Morgan Stanley stated Thursday it will purchase discount brokerage E*Trade Financial Corp in a stock deal worth about $13 billion, the biggest acquisition by a Wall Street bank since the 2008-2009 monetary crisis.
Part of a broader consolidation in the low-cost brokerage industry, the move will add breadth to Morgan Stanley’s wealth management unit, a business that CEO James Gorman has been attempting to construct out to insulate the bank from weak intervals for buying and selling and investment banking.
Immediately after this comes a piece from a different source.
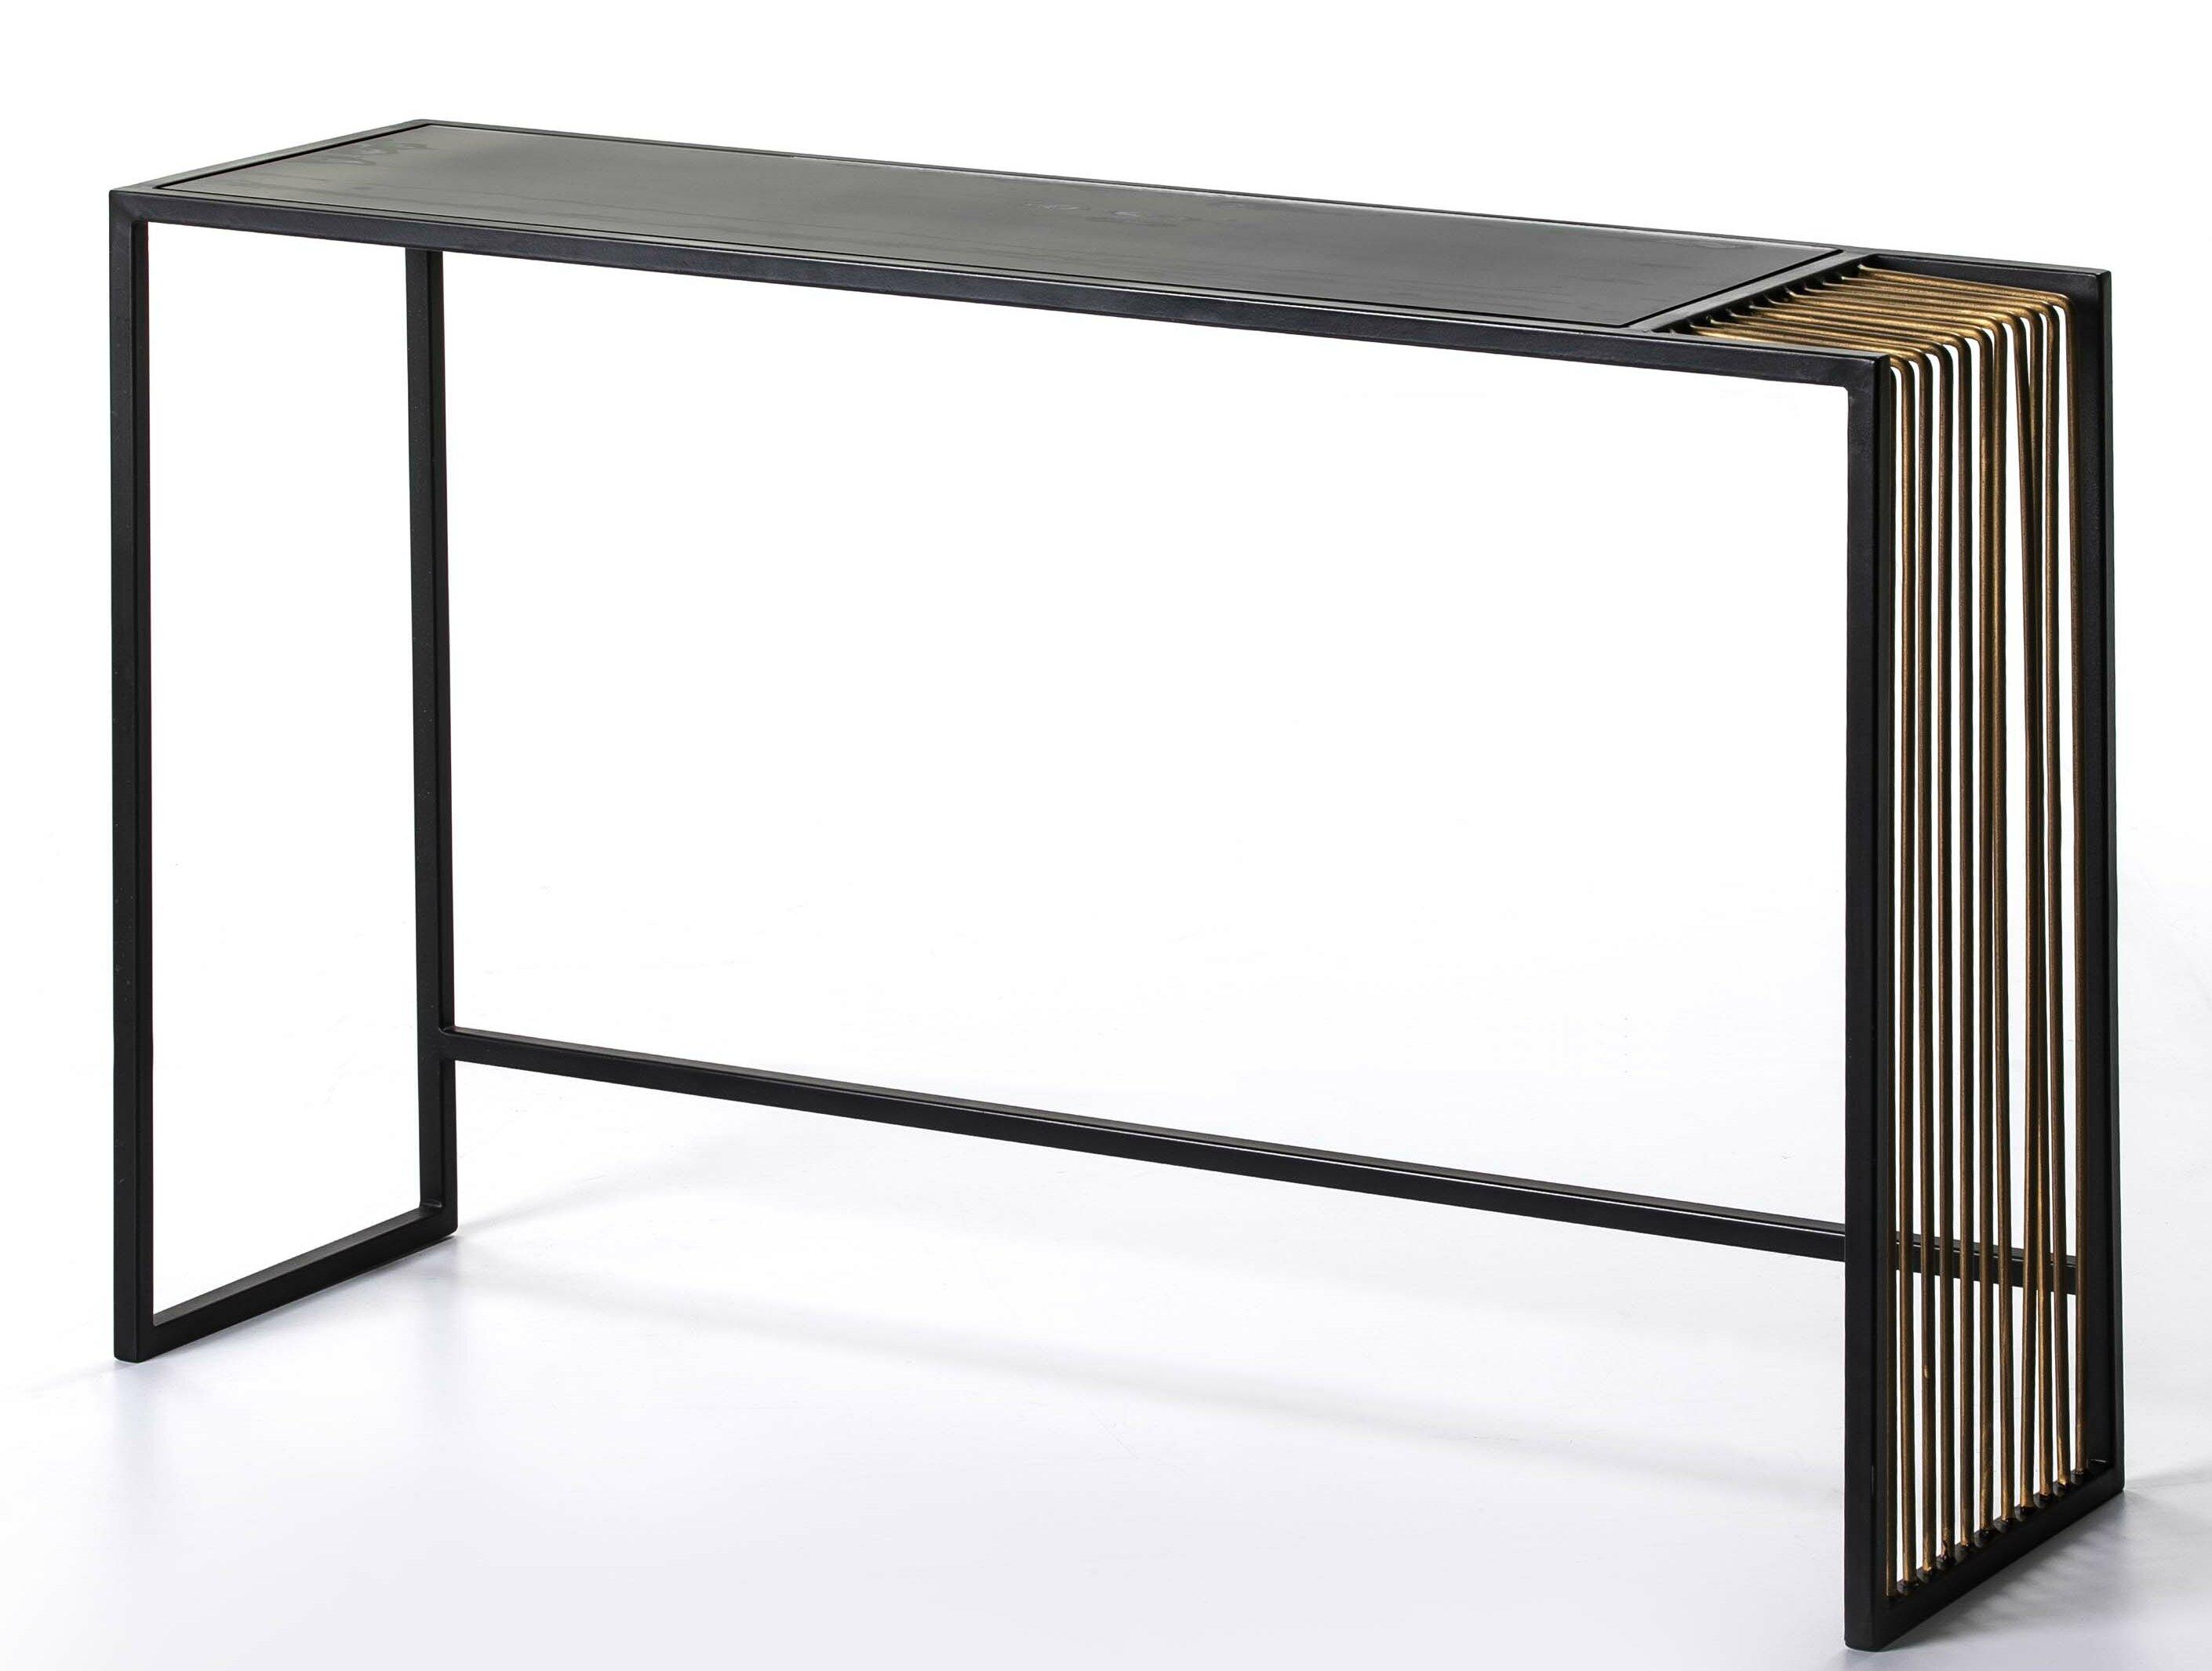 Ebern Designs Hetherington Console Table Wayfair Co Uk

Morgan Stanley’s main competitor, Goldman Sachs, has also been forging ahead with an upstart retail financial institution, while others, including Bank of America and UBS, are trying to give attention to basic lending and wealth management services.
The contract reflects a more relaxed regulatory mood under Prez Donald Trump’s administration, which has helped unleash other big-ticket takeovers in the financial market.
Large banks have been encouraged to do deals that would have been tricky for the Wall Street titans under Obama’s administration.
In March 2019, U.S. regional bank Fifth Third Bancorp’s purchase of smaller rival MB Financial for $4.7 billion got a green light from regulators. It was followed by permission for a $28 billion marriage of BB&T Corp and SunTrust.
Banking offers, in particular, had failed after the financial crisis as strict capital and liquidity rules had been placed on lenders with over $50 billion in assets, making it unattractive for mid-size corporations to accumulate more assets.